The aim of the present investigation is to study the internal water relations,of ageing Gerbera inflorescences and their consequence on keepingquality of cut inflorescences. As in all parts of this paper, the term "flower" will be used to describe an inflorescence with its supporting stem.
A great problem during vase-life of cut Gerbera flowers is ',stem break", a sudden bending of the stem. As described in part 1, this phenomenon was caused by a water shortage in the flower. The water-stress was a result of a decline of the absorption rate, due to an increase of the resistance to the water flow between the vase and the petals. In roses (which show a similar phenomenon) a water deficit in the flower-neck occurs because of competition between the various organs when the water supply is limiting (Zieslin et al., 1978). Also in the Gerbera flower there seems to be a competition for the available water, between flower head and stem.

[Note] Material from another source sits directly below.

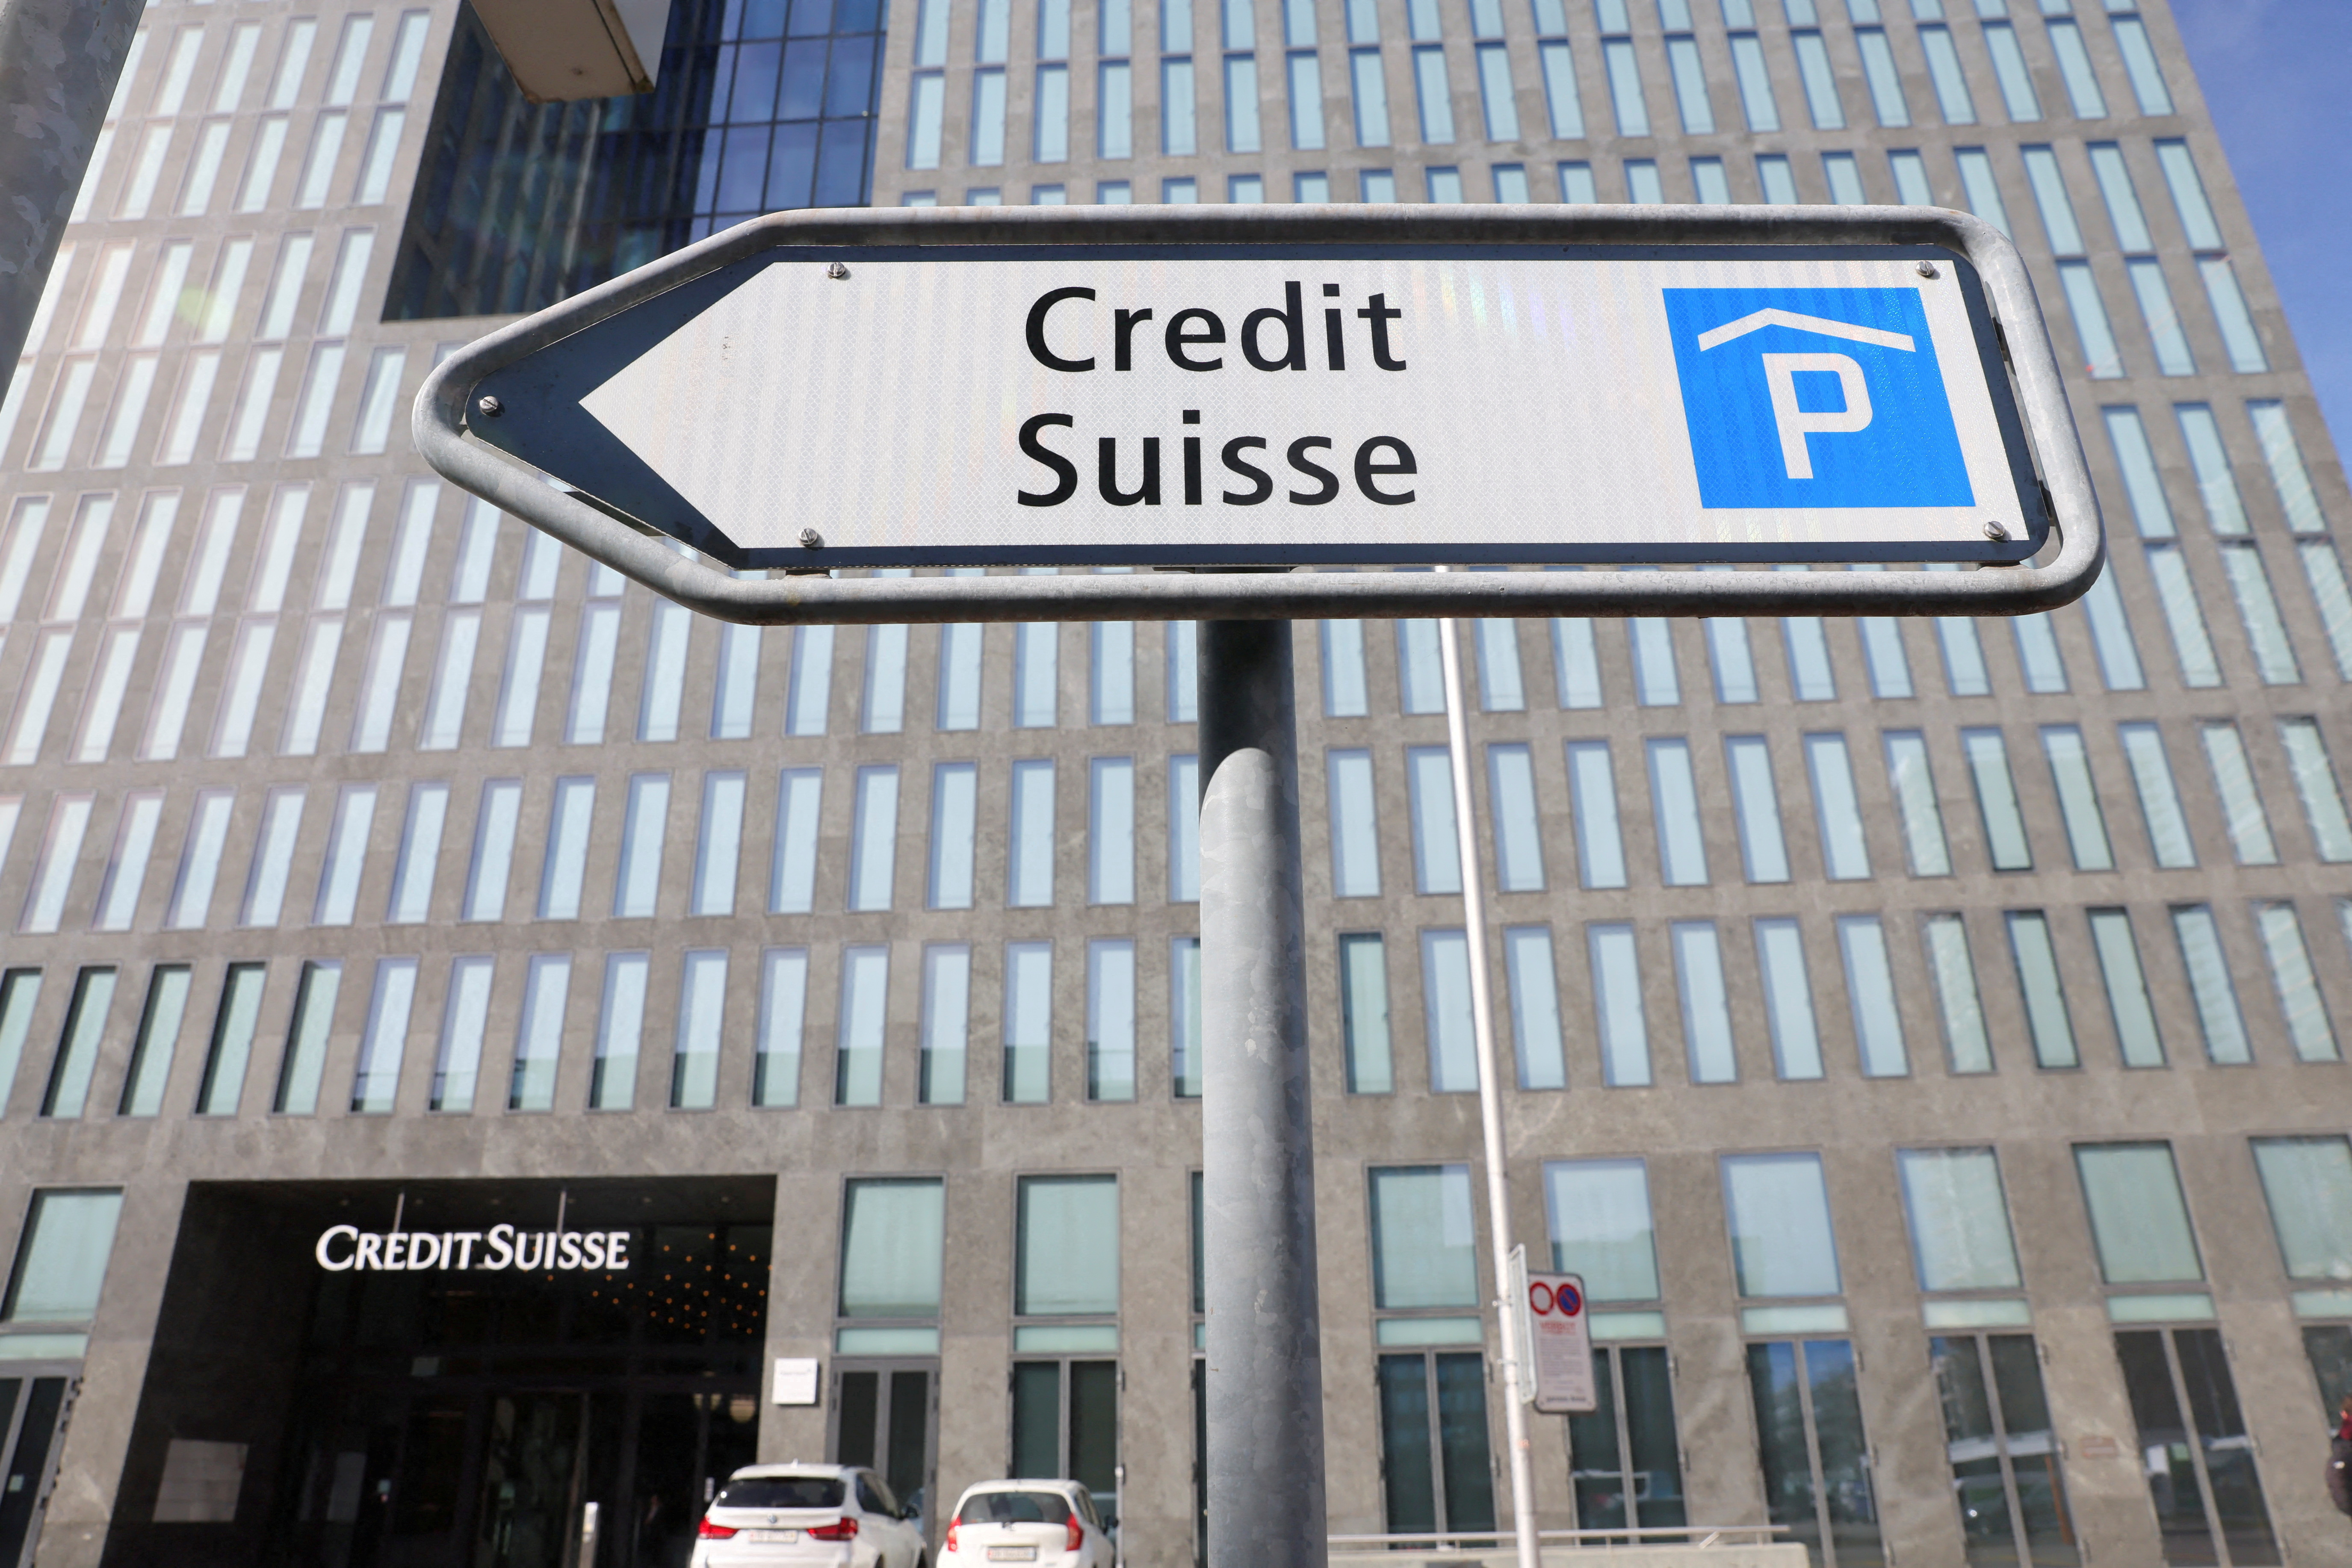 FOTO DE ARCHIVO: Una vista muestra una señalización del banco suizo Credit Suisse frente a un edificio de oficinas en Zúrich, Suiza 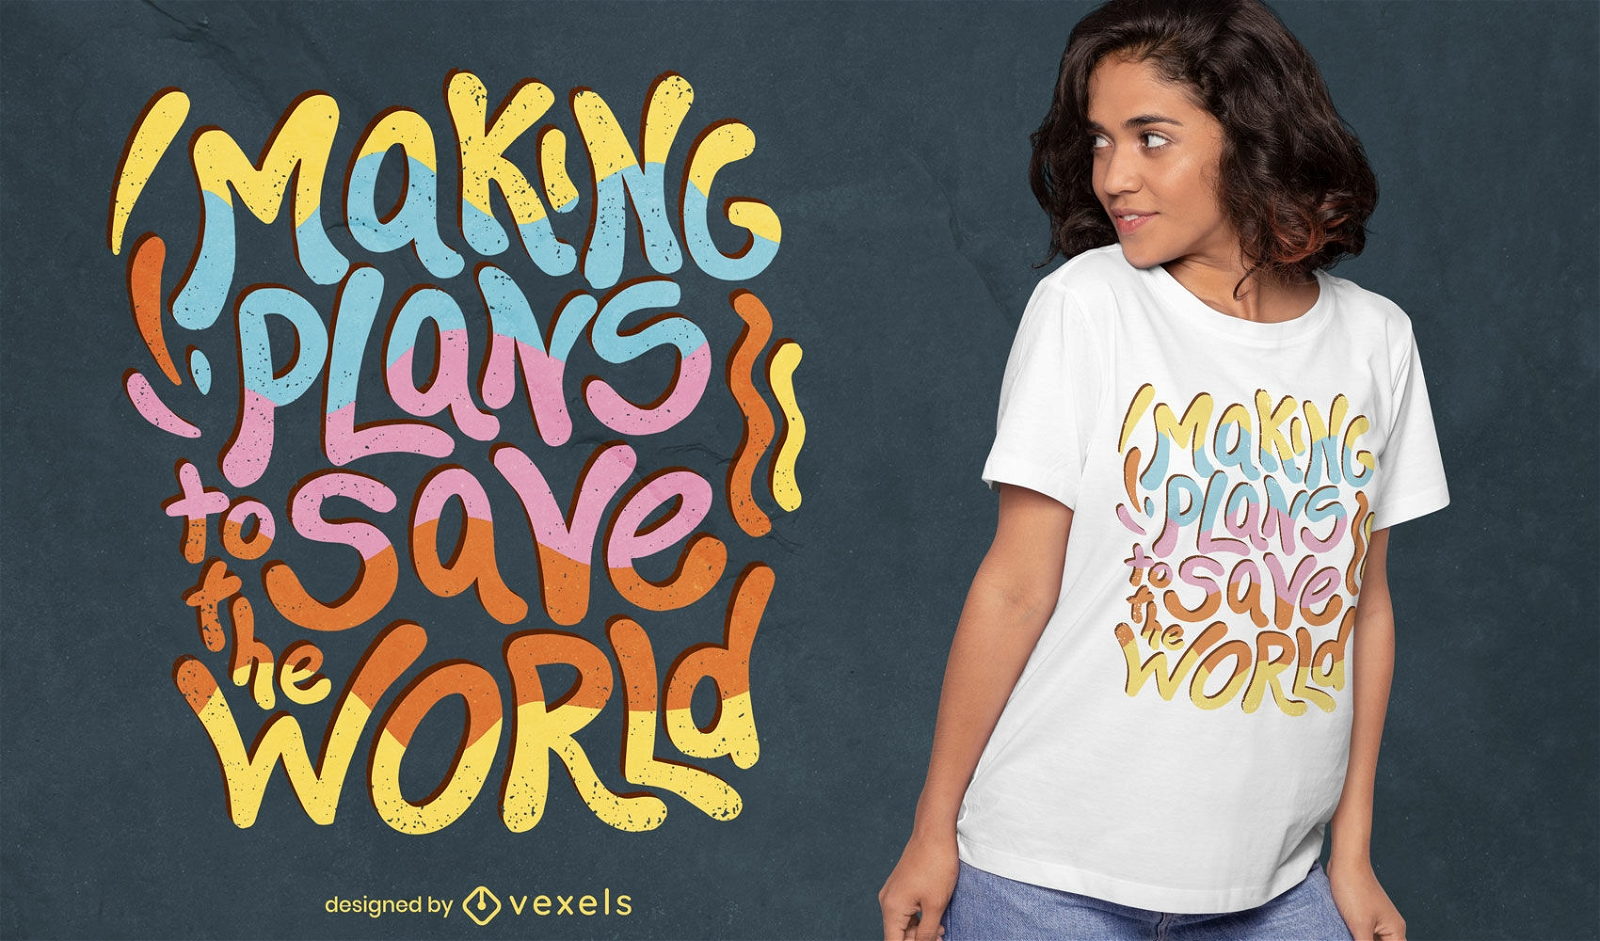 Speichern Sie die Welt, die T-Shirt-Design beschriftet

The increase in flow resistance causing stem break, was a result of microbial activity in the vase water. "Stem-plugging" by bacteria can be considerable already after 2 days for many flower species (Aarts, 1957). Silver-ions can extend keeping-quality of cut carnation flowers by their anti-ethylene effect (Halevy and Kofranek, 1977; Veen and Van de Geijn, 1978). However, the prevention of stem break by silver nitrate in the vase water is related to its bactericidal effect, as the mobility of silver supplemented as silver nitrate, is very low in flower stew (Veen and Van de Geijn, 1978; Nowak, 1979). Moreover, a pretreatment (1-24 h) of Gerbera stems with silver nitrate does not counteract the detrimental effect of etephon (Nowak, 1979). Mayak et al. (1977) demonstrated, that a pretreatment of the carnation stem with silver nitrate reduced the microbial population of the vase solution by the release of silver from the impregnated stem. They found that another important beneficial effect of such a pretreatment of the stem base is to decrease the toxic effect of metabolites produced by bacteria. So, the use of silver nitrate as a short pretreatment immediately after cutting will have advantages above other bactericides.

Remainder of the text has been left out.